Enterprises looking to deploy CDNs need to understand that the vendor market is growing and changing. The emergence of the cloud and mobile devices are key factors in the changes. For example, some cloud service providers like AWS have become CDN vendors, and CDN companies like CloudFlare are providing some of the functions that cloud service providers deliver.
The integration of Web and video content for services like e-commerce and digital marketing are also having an impact on the CDN vendor ecosystem, using DevOps service agility. Increasingly, CDN services will be embedded in all types of enterprise applications, including mobile apps.
A directory of vendors that Dan Rayburn, executive vice president of StreamingMedia.com, maintains consists of several dozen CDN technology providers whose products and services include Web and mobile content acceleration, video streaming, software downloads, transparent caching, front-end optimization and CDN performance measurement.

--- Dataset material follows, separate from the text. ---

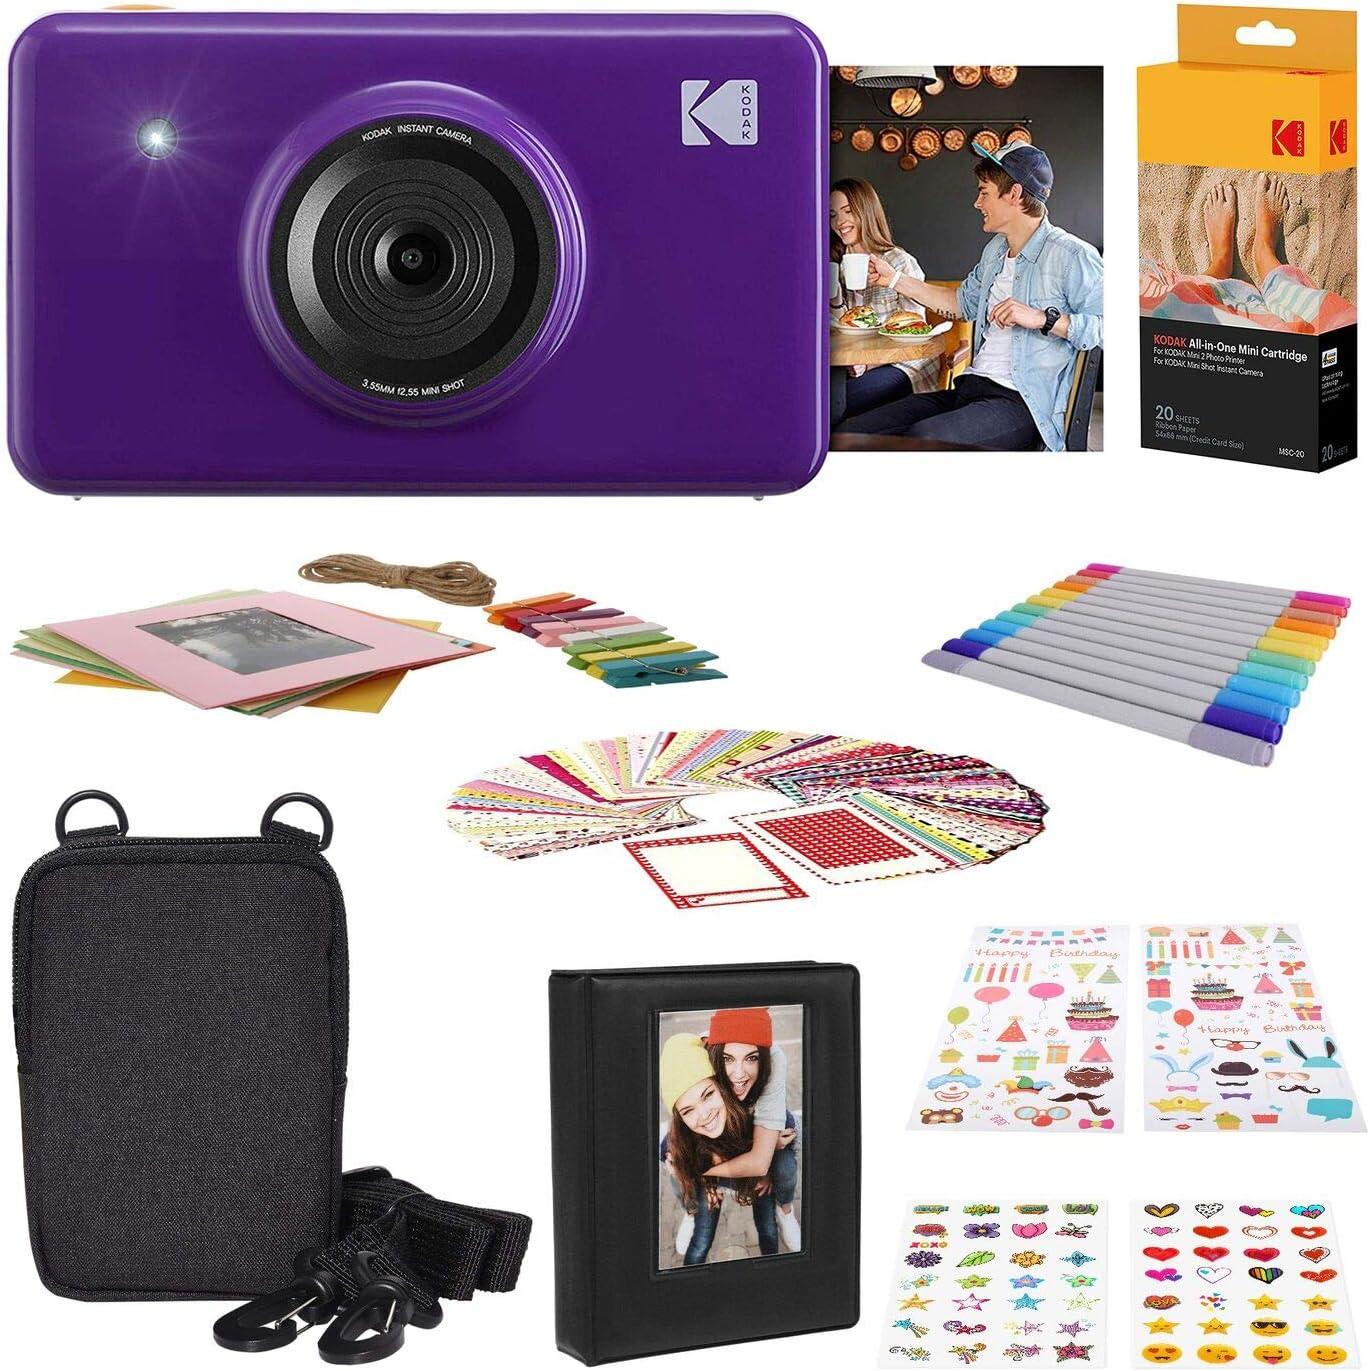 Kodak Mini Shot Wireless Sofortbild Digitalkamera Kamera
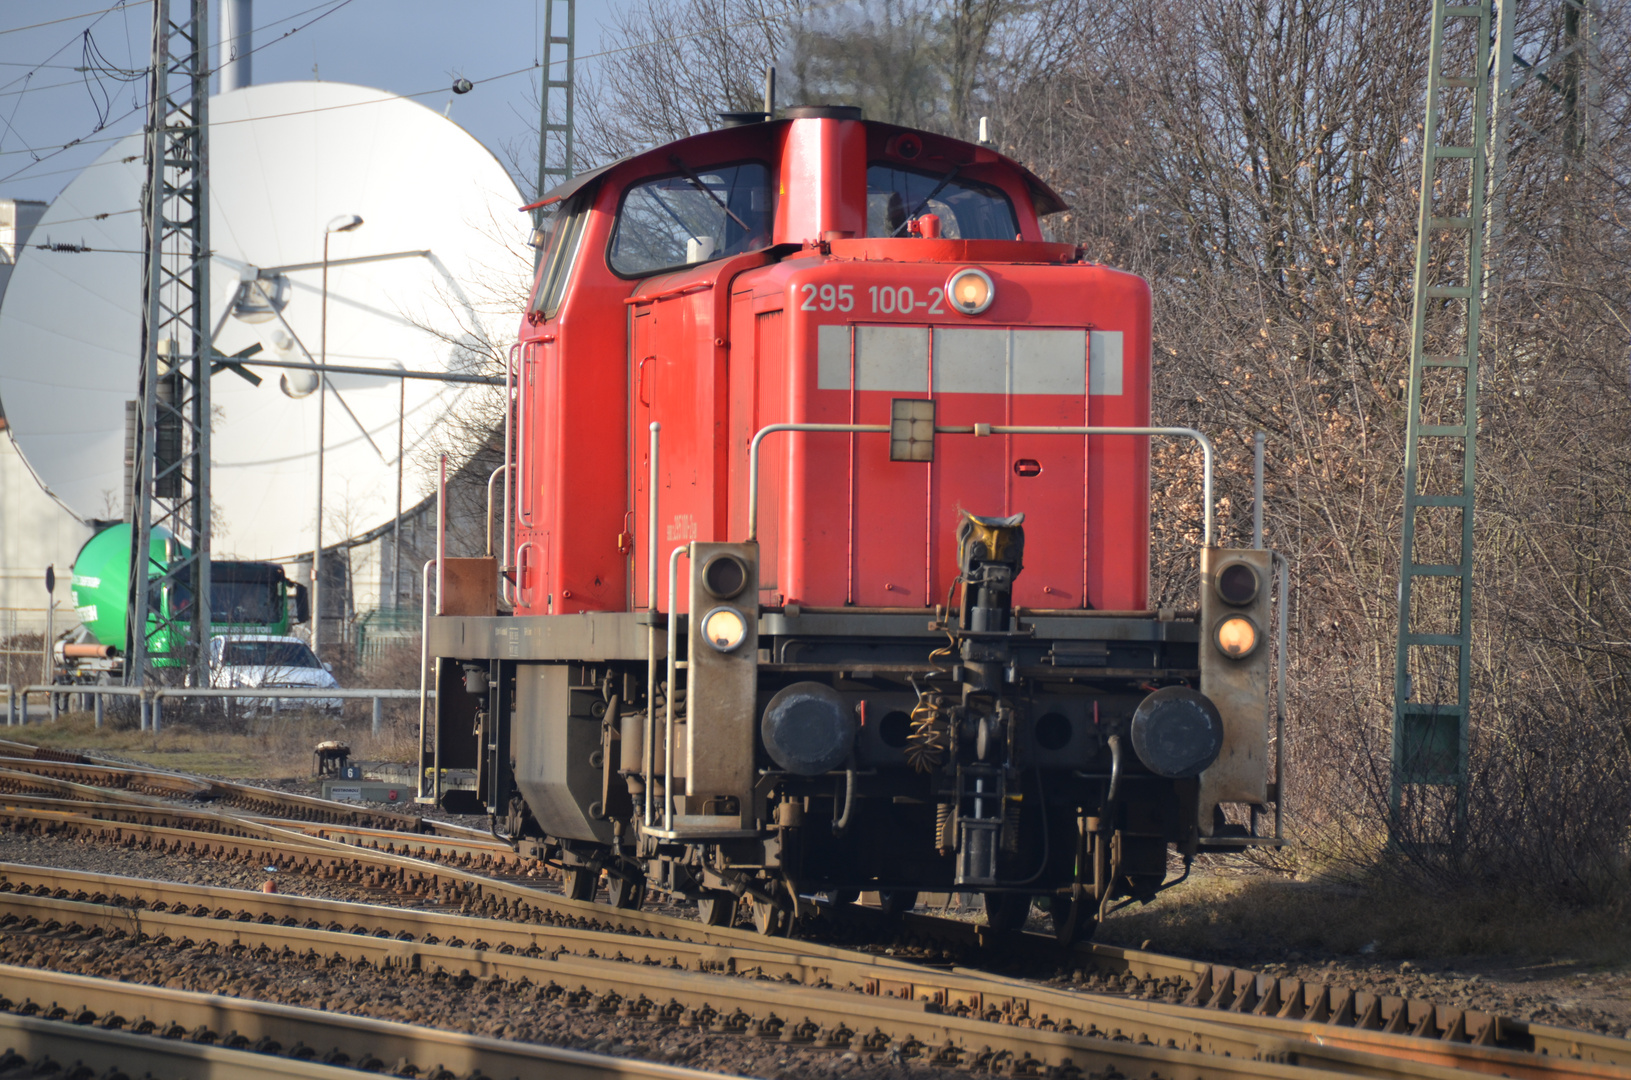 BR 295 100-2

The presence of so many CDN providers offers a lot of choice, though that also makes the decision about how to build a CDN deployment strategy more difficult. Enterprises should consider a number of factors when selecting CDN technology and service vendors, including basics like how much experience the vendor has, cost, the types of support and maintenance provided, and the financial stability of the vendor.
Companies should demand simplified tools, contractual terms and pricing, Grannan said. “Cloud delivery should itself carry SaaS-like transparency and flexibility. Most vendors are making big investments to pivot to this new model, but you should ask for reference customers and milestone dates [for the completion of project stages] that will enable an easier working relationship.”
The bottom line
When looking for CDN services, enterprises should also ask what's on the roadmap in terms of future offerings. New services like HTTP/2 support, Web application firewall or image optimization are CDN capabilities that businesses should be looking for, Grannan said. Businesses should also ask when new offerings are rolling out and how they map to the company's broader development and delivery roadmap.
Before buying CDN products and services, enterprises have to ask themselves tough questions about what they need. These include looking at geographic coverage requirements, access for mobile users and security services. When looking for a CDN provider, enterprises should look at a provider's vertical market expertise, ask about conducting a trial with a CDN provider, and determine whether their business needs performance and security together. It all depends on what services companies want to enable and how they'll work in concert.
The answers will help companies select the best CDN providers and services. With the ongoing growth of online content and the potential value this content can deliver to organizations, how they execute CDN strategy could have a huge impact on the success of the business.